Forums Pagination

Forums currently does some of it's pagination in memory. I would like to optimize some of this code and push the pagination down to the database level. This writeup was done to see if this work could be used as a hackathon project.

Overview

Diving in to the code, the project does use a pagination gem:

https://github.com/edx/cs_comments_service/blob/bbeggs/mongodb-3.0-PLAT-730/Gemfile#L35 (docs: https://github.com/mislav/will_paginate)

However this isn’t used to to paginate everything. Here is the only occurrence that I have found: https://github.com/edx/cs_comments_service/blob/bbeggs/mongodb-3.0-PLAT-730/lib/helpers.rb#L219

 

Most of the pagination that is hurting us is based in the following locations:

https://github.com/edx/cs_comments_service/blob/bbeggs/mongodb-3.0-PLAT-730/presenters/thread.rb#L26-L110

https://github.com/edx/cs_comments_service/blob/bbeggs/mongodb-3.0-PLAT-730/api/users.rb#L31-L55 (this calls the above code, we need to figure out exactly what is happening here to see if we could cut down on any queries done here as well)

https://github.com/edx/cs_comments_service/blob/bbeggs/mongodb-3.0-PLAT-730/lib/helpers.rb#L121-L230

  

I see 2 major uses cases that we need to take care of:

  • pagination of thread responses
  • pagination of threads that are unread.

 

Thread Responses:

This may not be so bad actually, if you look at these lines only the object_id is being returned:

https://github.com/edx/cs_comments_service/blob/bbeggs/mongodb-3.0-PLAT-730/presenters/thread.rb#L74-L76

 

I created a PR to fix this here:

https://github.com/edx/cs_comments_service/pull/140

 

Even this could have a mixed result as far as performance goes. It could make large threads return faster, but smaller threads make take more time, see the PR.
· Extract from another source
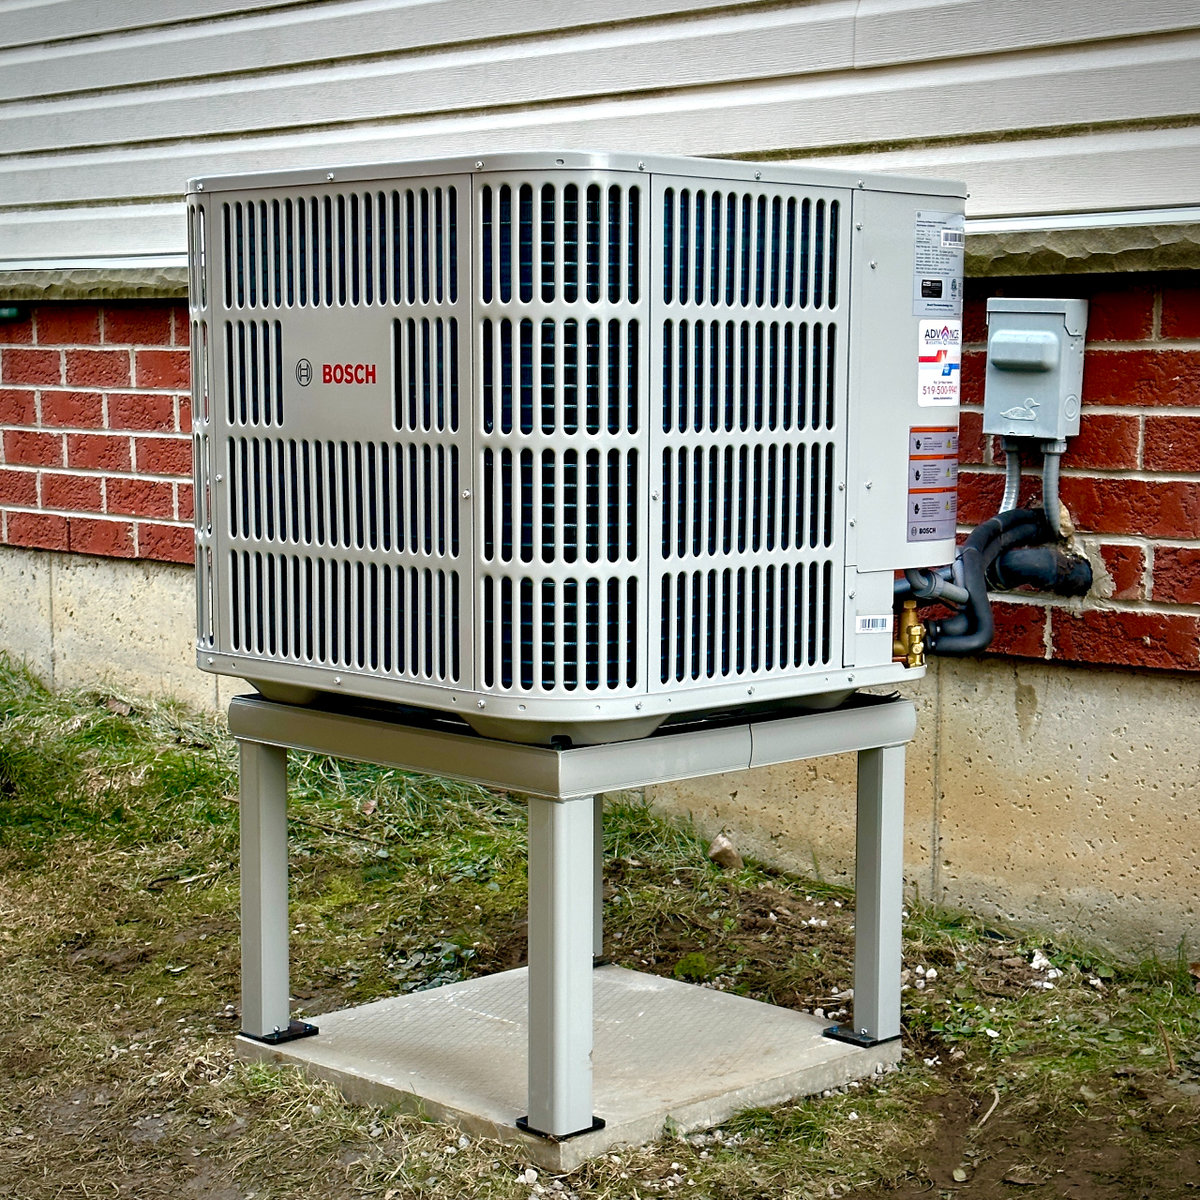 Bosch heat pump unit maintenance outside a residential home

Even with the fixes in PR 140 we could probably experience good performance gains if you move that logic to a stored javascript function as well and that may also be the way to go. My concern is how to we test it? But at the same time we do have specs for this functionality already, it would just run the slimed down ruby code that calls the JS. Though the stored javascript approach could make it harder to find errors. FWIW I have not looked in to how people really use and test these kind of stored javascript procedures.

 

(quick aside:

Going through this some more I also notice that we are doing a tree traversal here:

https://github.com/edx/cs_comments_service/blob/bbeggs/mongodb-3.0-PLAT-730/presenters/thread.rb#L85-L110

This quite possibly could also be big performance hit on large threads, we should investigate further down the line.

)

 

Unread threads:

After review it looks like the main issue here is filtering for pagination when attempting to view only unread items. The comment in the code:

# Filter and paginate based on user read state.  Requires joining a subdocument of the

# user object with documents in the contents collection, which has to be done in memory.

 

The problem here is that mongo can’t join between the users collection for their threads last read date and the content collection. Since we can not do this we query for the comment threads (with the filtering criteria that is directly above it in the code then it iterates in batches over those threads and picks out the unread threads. 

 

You might be able to write a better query or use the aggression framework, but it could be difficult. The aggregation framework might be the better choice using match and skip, but the code would need to start tracking the number of documents skipped pre-filter (as opposed to post-filter as it does now). 

 

The other option to consider here would be to re-write this logic in javascript and insert it as stored javascript on the server (almost analogous to a stored procedure). You could possibly even move the filtering logic there as well. If you did this you could just pass in the user id then leave the JS on the server to take care of doing the manual join on the users read states and items in the content table. TBH this is probably your best choice to improve performance. 

I think you have a reasonably good chance at succesfully moving this logic to javascript, though I don’t think it’s more than a 1 person project.